Испугана она или взволнована? В любом случае юная прелестница забыла о правилах приличия и не искала оправдания своему бегству.
Милое дитя, которое вновь научит меня играть и радоваться жизни! Вспотевшими от волнения ладонями я коснулся верджинела и закрыл его крышку.
XXV
Каждую среду в течение семи недель между Пасхой и Троицей Кранмер устраивал в красно-кирпичном Ламбетском дворце приемы для прелатов и придворных, развлекая гостей концертами. Архиепископская резиденция раскинулась за Темзой, как раз напротив Вестминстерского дворца и аббатства. Проведенные здесь весенние вечера дарили дивную усладу всех человеческих чувств. Прекрасны были долгие закаты над простором прохладной реки; тонкие ароматы влажной земли и первых цветов рождали волнующие воспоминания; таяли во рту пшеничные пирожки со спаржей и рыбой, к которым подавали белое вино, приправленное душистым ясменником; ласковый майский ветерок дул в распахнутые окна, наполняя грудь свежестью. А слух радовала музыка, исполняемая на прекрасно настроенных виолах, дульцинах, лютнях. Звучал и итальянский клавесин. Иногда Кранмер предлагал нашему вниманию нечто совсем экзотическое, к примеру корнет — духовой инструмент, сделанный из слоновой кости.
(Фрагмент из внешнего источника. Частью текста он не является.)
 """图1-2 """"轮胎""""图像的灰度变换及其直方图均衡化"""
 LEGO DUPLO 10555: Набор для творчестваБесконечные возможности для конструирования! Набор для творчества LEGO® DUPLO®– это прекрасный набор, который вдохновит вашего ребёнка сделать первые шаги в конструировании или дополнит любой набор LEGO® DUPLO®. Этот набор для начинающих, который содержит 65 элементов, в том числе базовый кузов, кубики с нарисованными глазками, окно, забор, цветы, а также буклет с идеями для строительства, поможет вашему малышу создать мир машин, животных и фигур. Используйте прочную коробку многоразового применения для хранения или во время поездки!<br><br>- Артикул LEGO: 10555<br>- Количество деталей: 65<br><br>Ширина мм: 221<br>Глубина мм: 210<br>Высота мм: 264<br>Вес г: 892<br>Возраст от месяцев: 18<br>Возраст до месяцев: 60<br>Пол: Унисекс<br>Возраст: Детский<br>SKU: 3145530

На тех вечерах меня радовало буквально все, мир тонул в дымке любовных грез, ибо зачастую туда приглашали и Екатерину Говард — благодаря ее увлечению музыкой, а также влиянию дядюшки герцога и епископа Гардинера. Страсть к музыке, видимо, среди этих эстетов и традиционалистов считалась некой привилегией. Протестанты не одобряли ее, считая «легкомысленным занятием», именно поэтому леди Анну Клевскую не обучали игре на музыкальных инструментах. По правде говоря, чувственные восторги были свойственны как раз «добрым католикам», а приверженцы «новых взглядов» находили удовольствие в строгой и простой жизни. Но скучной до зевоты!
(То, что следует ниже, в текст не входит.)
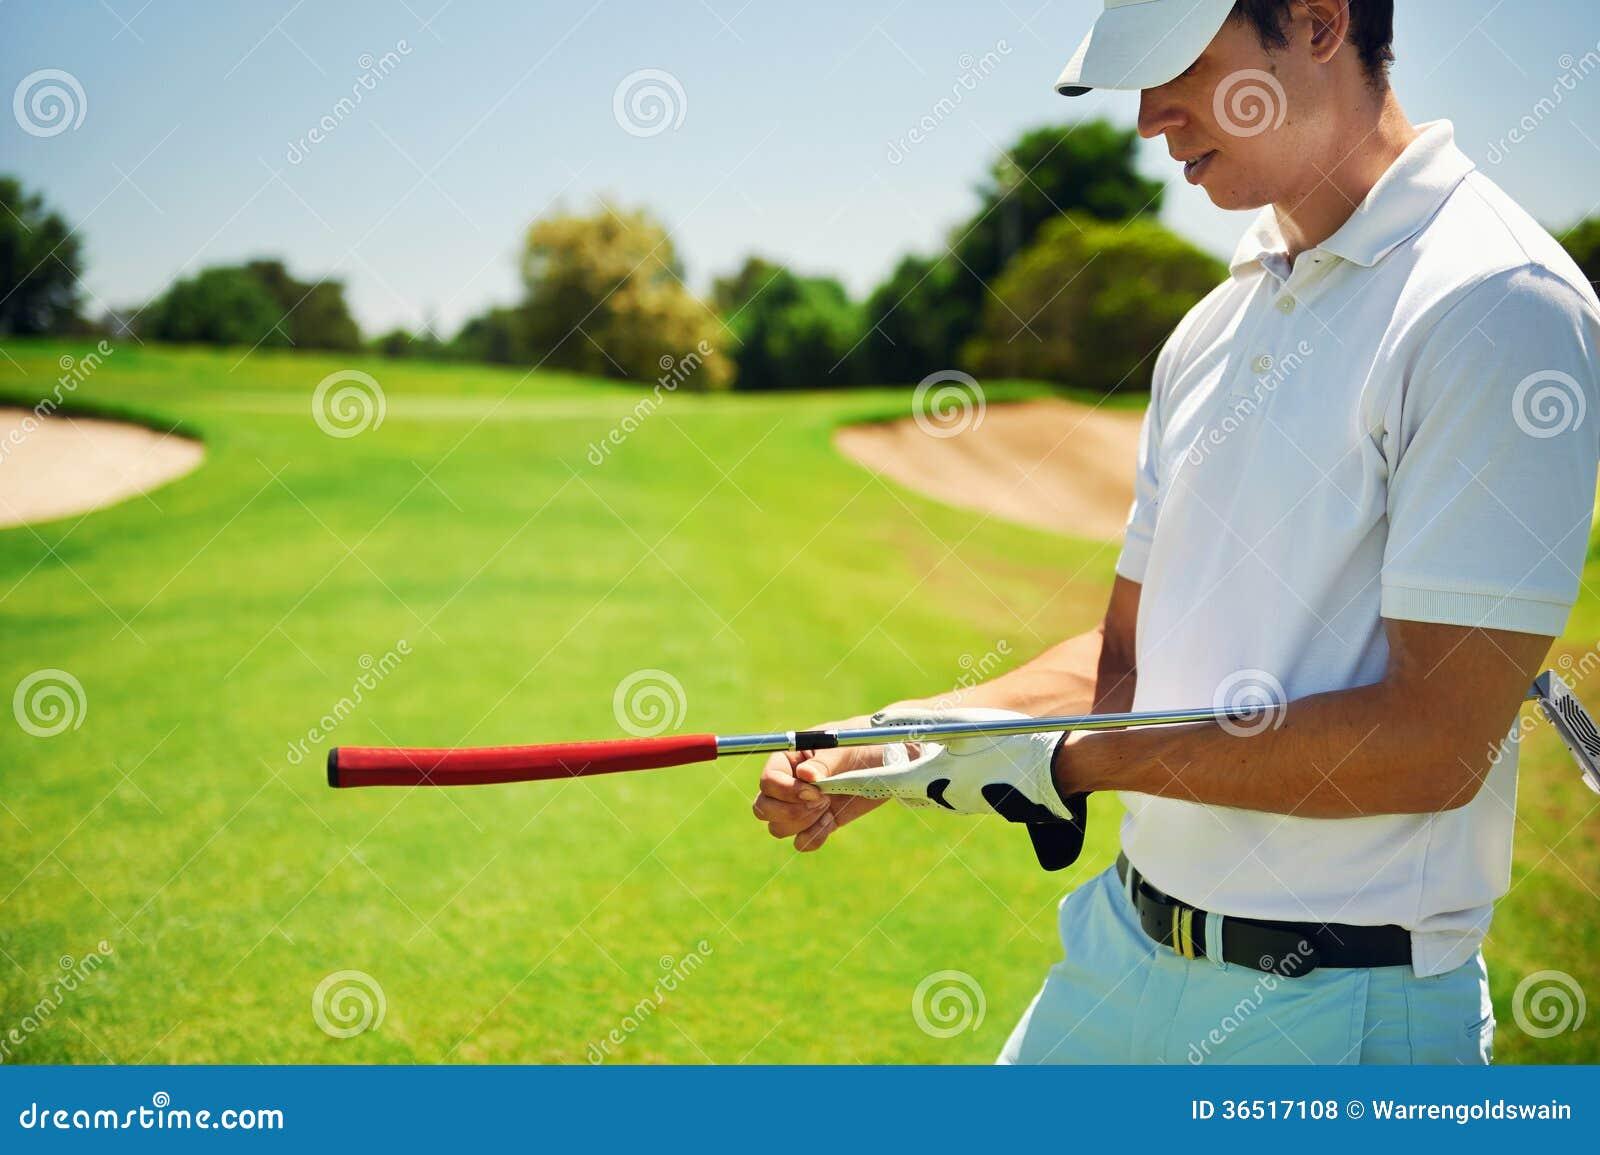 Golfeur enlevant le gant

Встречи в Ламбетском дворце делали меня счастливым. Наш уговор с госпожой Говард оставался в силе (и я лишний раз убедился в необходимости следить за Кромвелем). Встретив осень жизни, я обрел спасительный приют, где придутся кстати все ценности, что я успел накопить. Теперь я смогу спокойно греться в теплых золотистых лучах заходящего солнца, почивая на лаврах и предвкушая новые свершения. Грядущая осень, несомненно, принесет мне новый урожай. Екатерина подарит мне славных сыновей, и тогда Мария или Елизавета уже не будут нужны Англии.
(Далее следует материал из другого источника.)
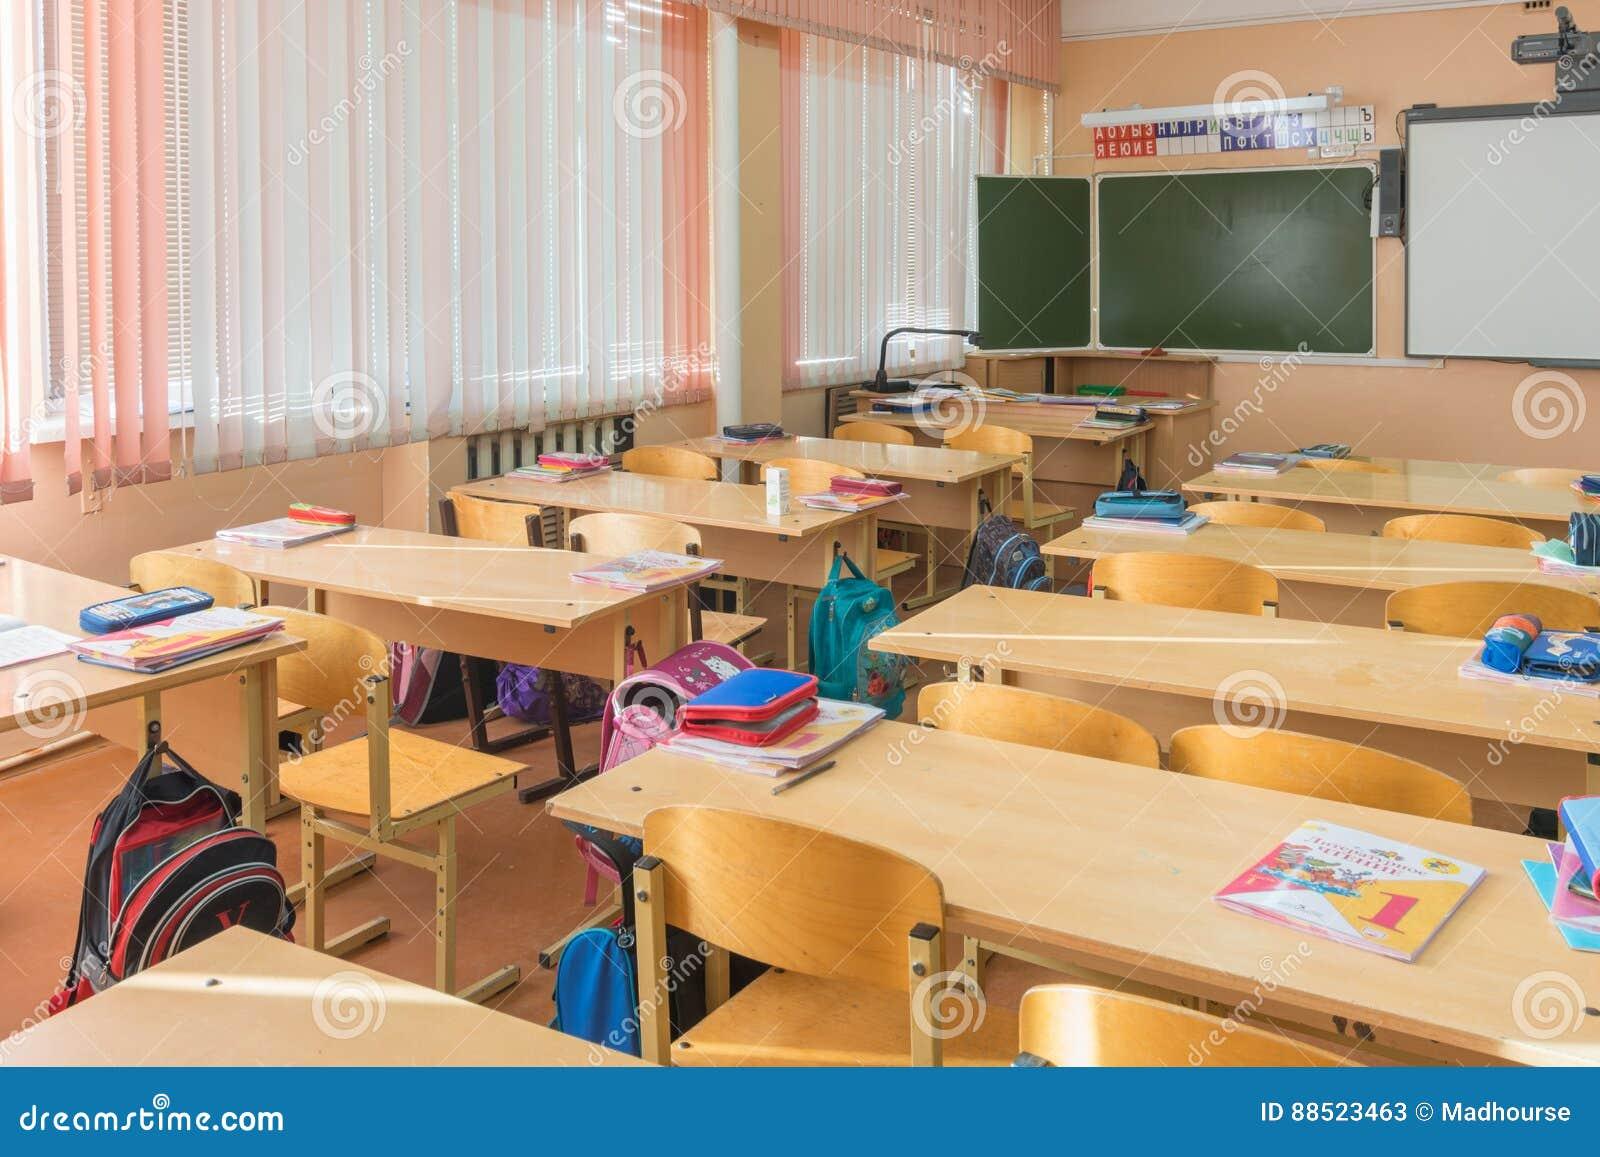 La classe intérieure dans l école primaire les bureaux d

Вскоре поползли слухи о том, что новое увлечение свело короля с ума. Припомнили Анну Болейн и рассуждали, не одними ли колдовскими снадобьями и приворотами пользовались обе дамы. Они ведь кузины, вот и поделились по-родственному. Нет, теперь все было иначе. С Анной я растрачивал свои силы, захваченный сверкающим, сокрушительным для мира и меня самого вихрем. А Екатерина… ах, ее красота, ее совершенство…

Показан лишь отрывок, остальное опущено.